According to the networks based on lift value for duration of clinical trials, it shows that there is clear distinguish of variables associating to long length of clinical trials and short length clinical trials.

Based on the fig 8, the green nodes are only connecting to one center, and the light orange nodes are connecting to 2 centers. The center of longLen share lots of common nodes with center of medianLen, while only share 2 common node with center relatively_shortLen and no common node with shortLen. This graph clearly illustrate how the presence of different variables affect the length of clinical trials. Link this graph to the fig 4, the long length of clinical trials shows the highest association with very high rate of adverse effects and death.

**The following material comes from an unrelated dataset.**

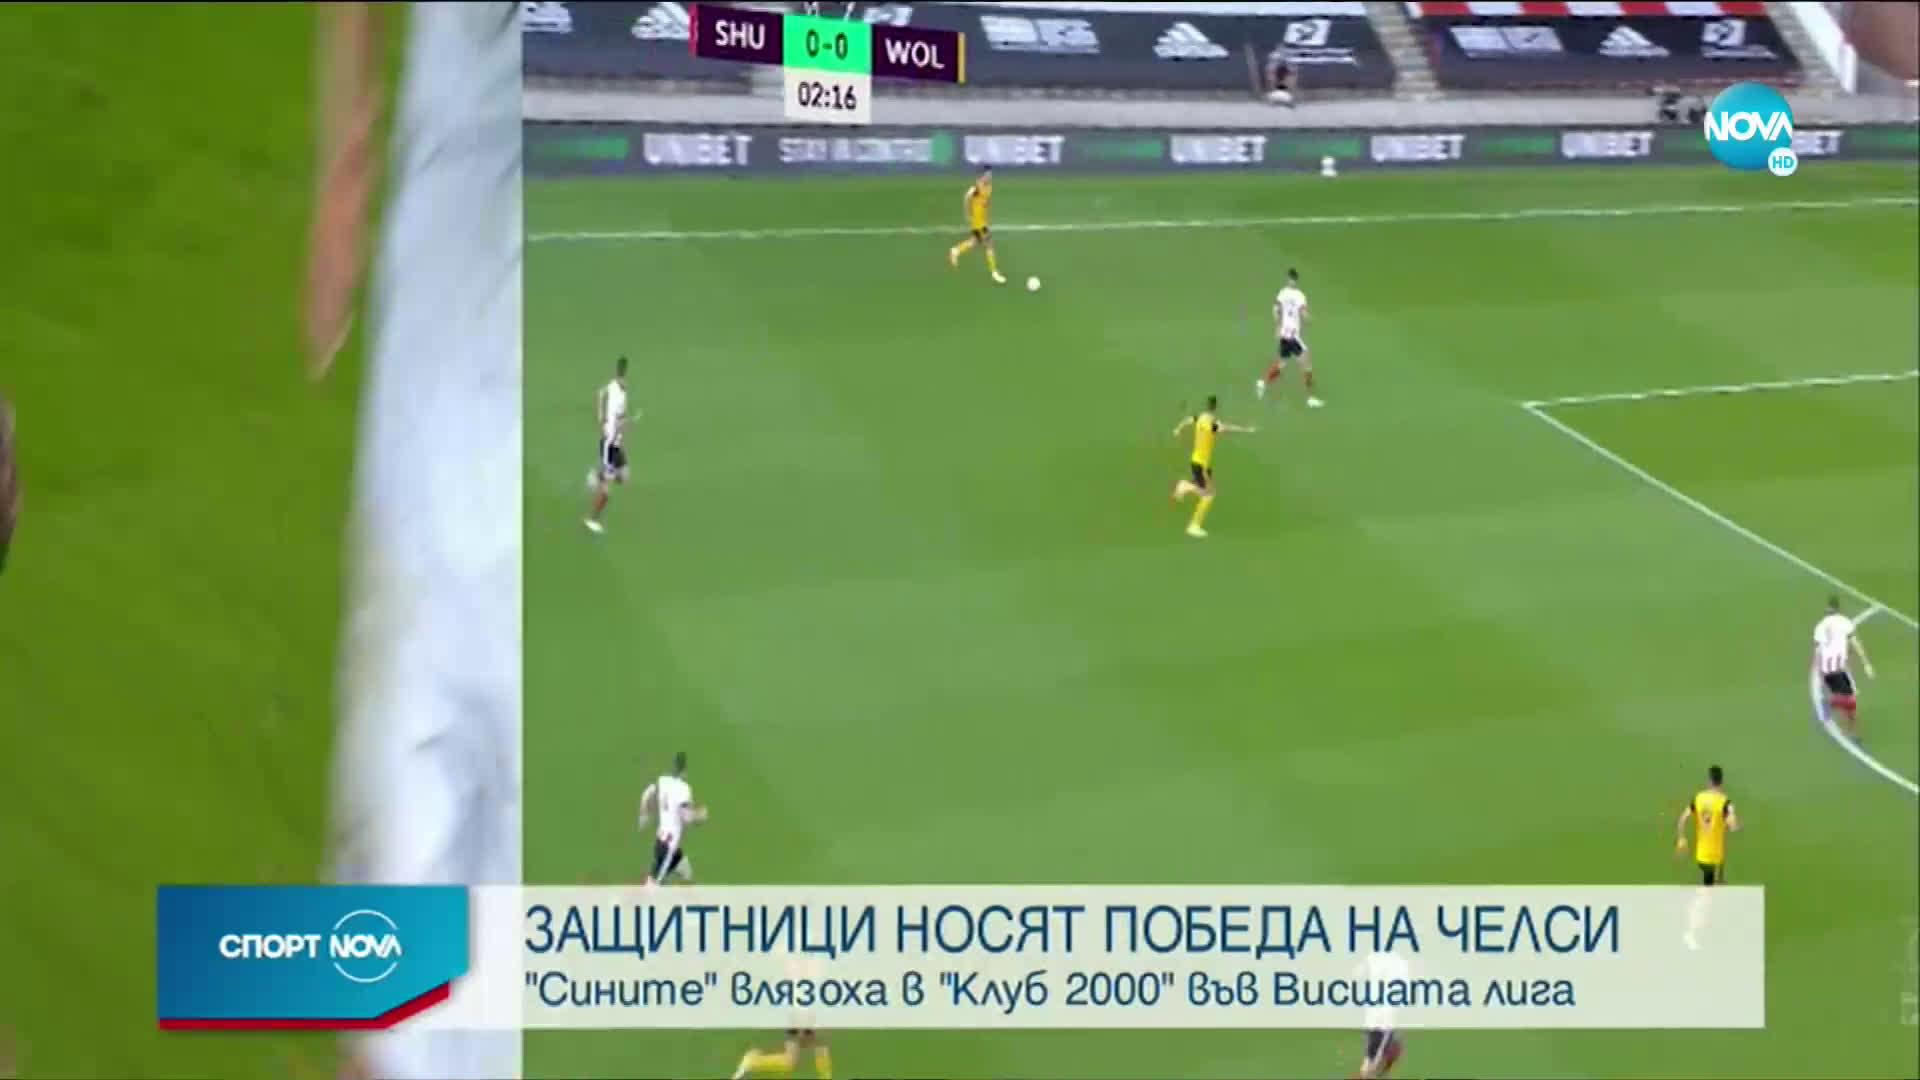 Спортни новини (15.09.2020 - обедна емисия)

This make sense since if a medicine are highly possible of causing adverse effects or death, the research would take longer time to find the solution of lowering the risks of medicine. Besides that, the short length of clinical trials has high dependency on elderly group. Since elderly group are vulnerable and more susceptible to adverse effects of drugs, it makes sense that the clinical trials on elderly group take short length.


To sum up, knowing associations of variables to duration of clinical trials greatly facilitate the prediction of the length.